04/08/2022
Last week renowned value investor Howard Marks released a memo titled “I Beg to Differ” which has useful learning for long-term value investment firms, even in Nepal. Below we have summarized the key learnings for investors with busy schedules:
· There are two approaches to investment – Passive Investment (Index Investing) and Active Investment. In Passive Investment, an investor’s focus is simply to generate GUARANTEED AVERAGE returns. S/he does so in order to avoid below-average returns, but it comes at a cost – not generating above-average returns. Just GUARANTEED AVERAGE returns.
· In Active Investment, the focus of an investor/manager is to generate returns well above what the average market offers. This pursuit requires fund managers to think differently from the crowd and place investment bets differently from the average market. However, the desire to outperform the market comes at a cost – if the manager is wrong with his/her bet, they will generate below-average returns and this will jeopardize the career of the manager/fund. Active investment is not easy; it requires managers to risk being wrong.
· Apart from superior thinking skills, successful active investment requires the manager to look wrong for a while (because the average market disagrees with the manager today) and survive some mistakes to ultimately generate above-average returns in the long run. However, this gut-wrenching, uncomfortable behavior necessary for a successful manager is further disincentivized by Institutions as they want to ‘avoid looking wrong even temporarily’ to their committees, board, clients.

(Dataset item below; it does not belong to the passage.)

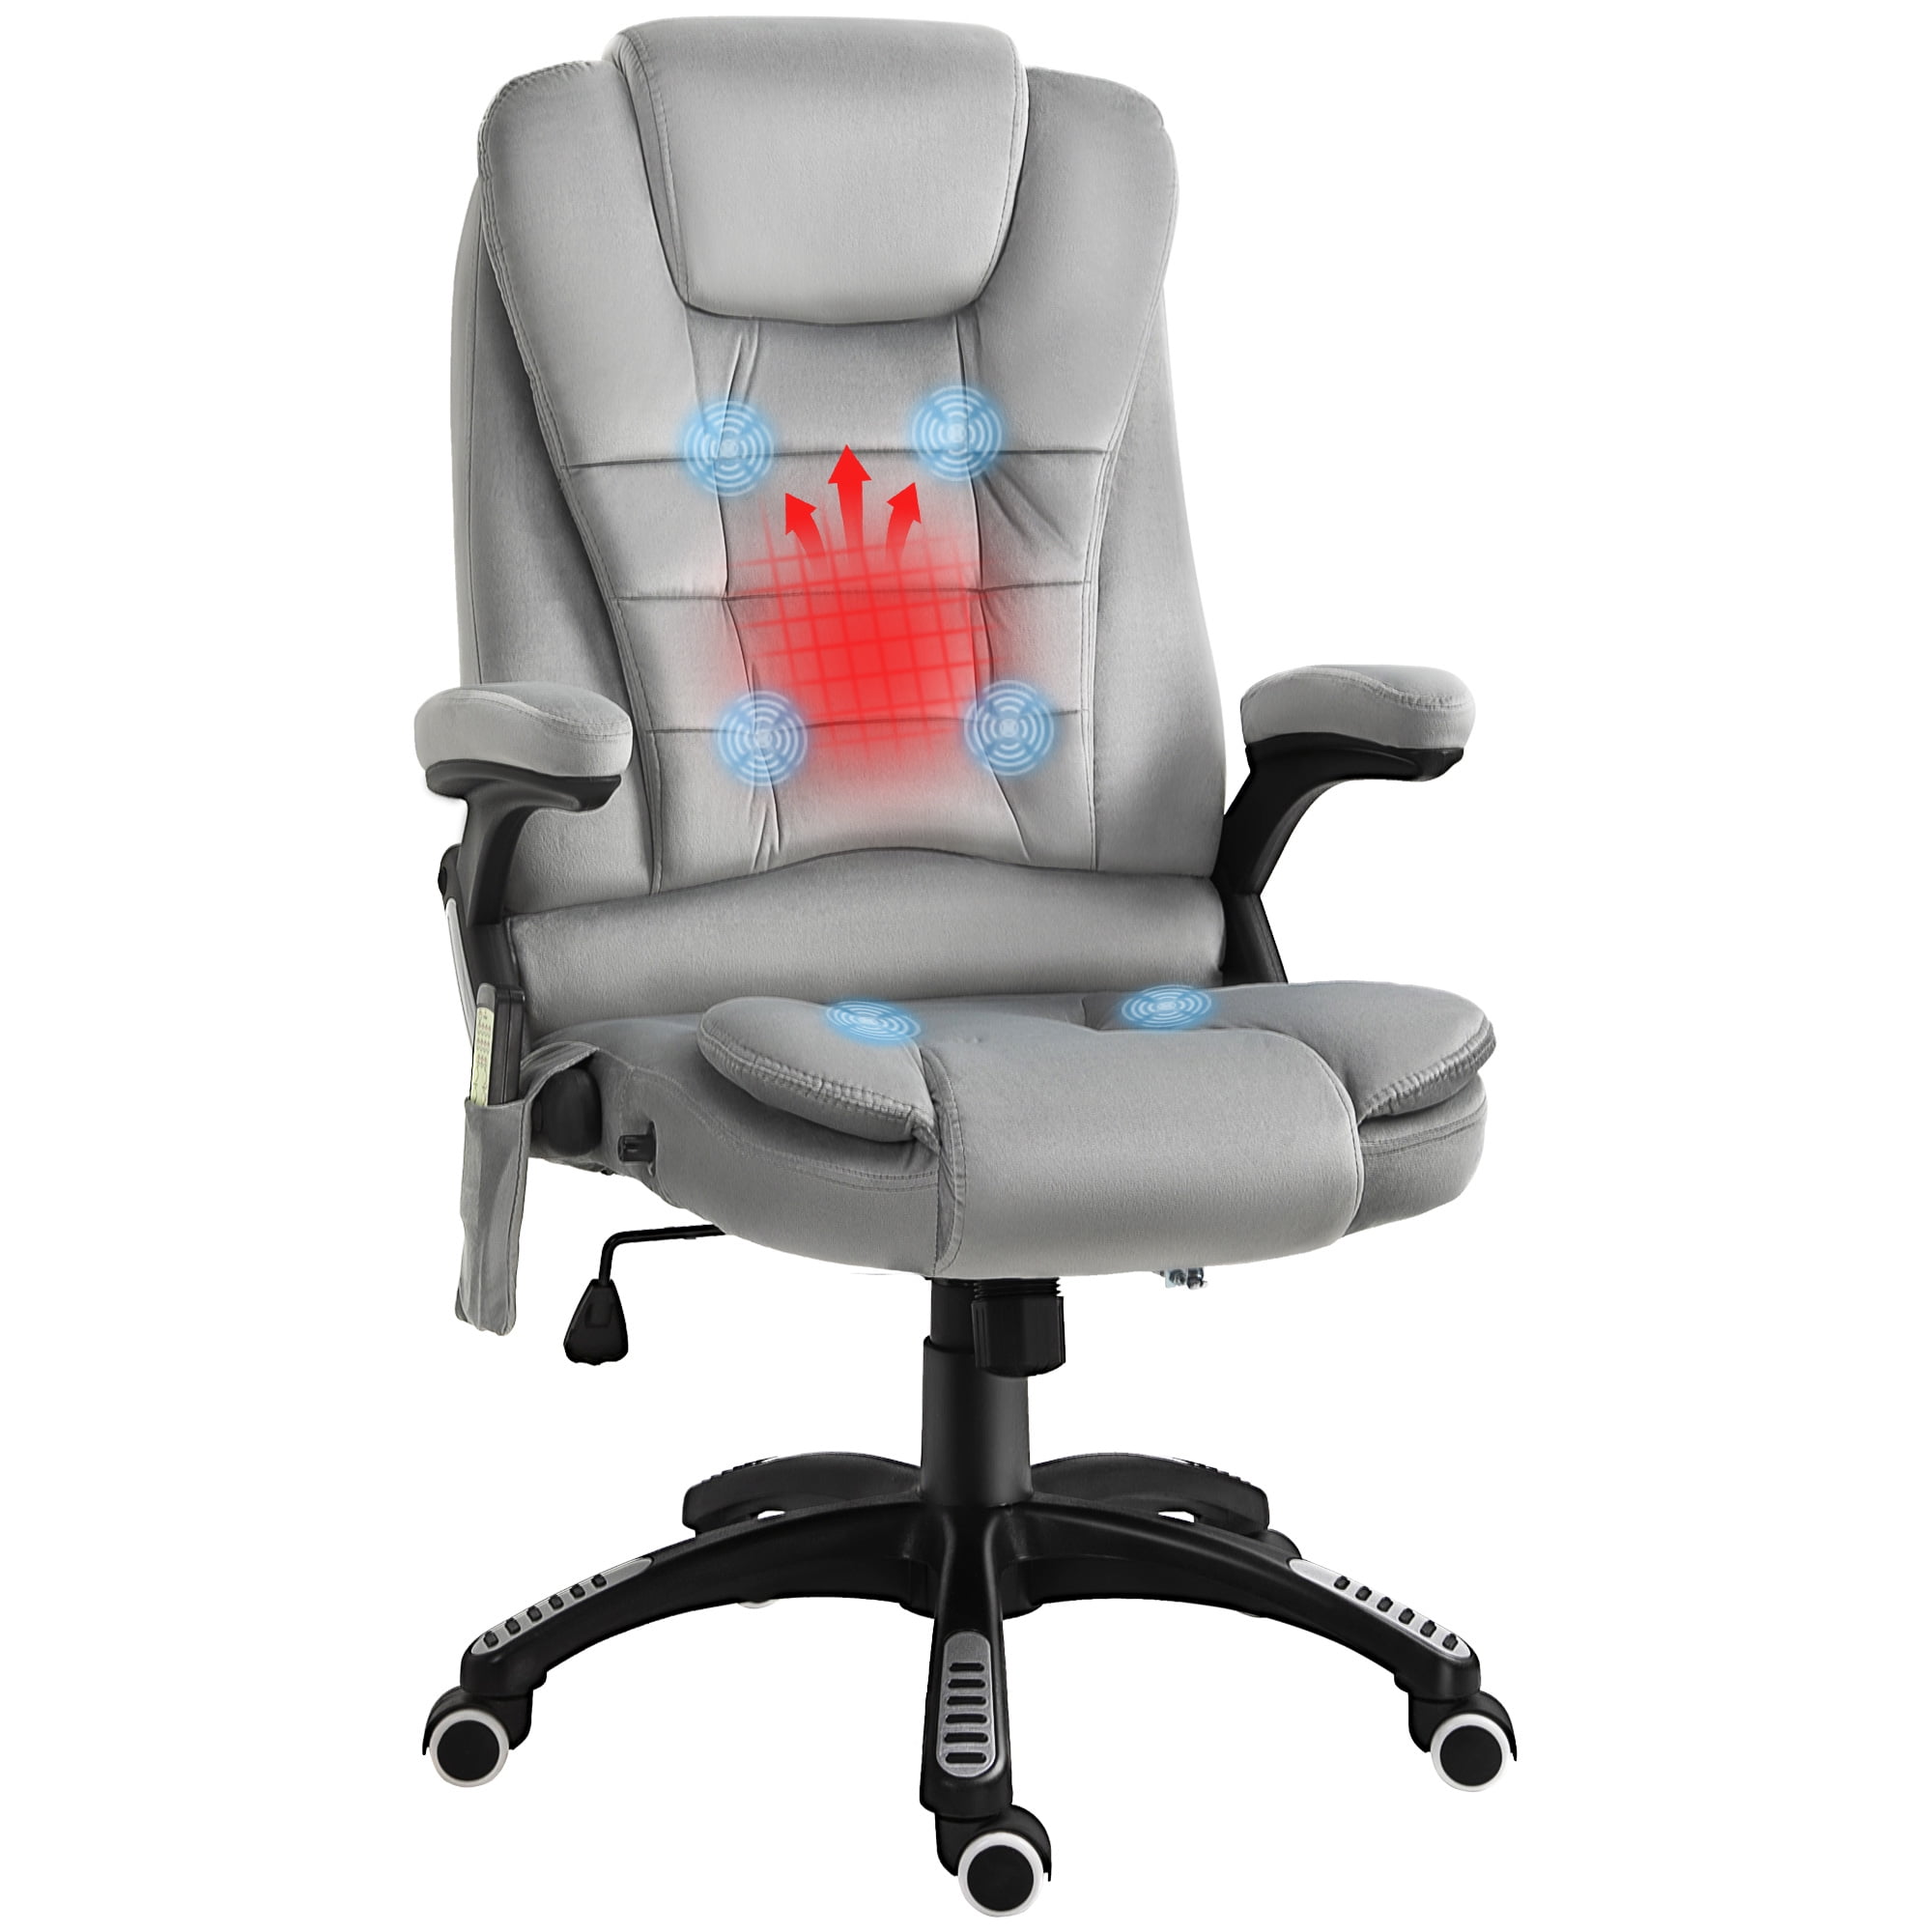 Office Chair for Sciatica  Relax The Back South Bay/Walnut Creek

They would rather pass profitable long-term bets than select such bets which produce temporary losses. Such institutional culture is harmful to the pursuit of successful active investment.
· Howard also addresses what the entire world is talking about – Macros (inflation, rising interest rates, recession). He states that these are short-term phenomena that should not bother long-term investors; investors are better off evaluating the fundamental qualities of an asset rather than trying to time the market or rotate sectors. Using S&P 500 data over the past century, he concludes that time NOT timing leads to wealth accumulation.
· To conclude superior active management strategy requires (a) using superior second-level thinking to identify undervalued securities (b) taking contrarian bets which look temporarily wrong with the confidence that the investments can generate superior returns over the long term (c) ignoring short-term performances (d) ignoring macro-economic trends and most importantly (e) embracing a culture in institutions (including committees, board, clients) where managers can confidently pursue active investment strategy despite the risk of being wrong, – where managers can say – I BEG TO DIFFER!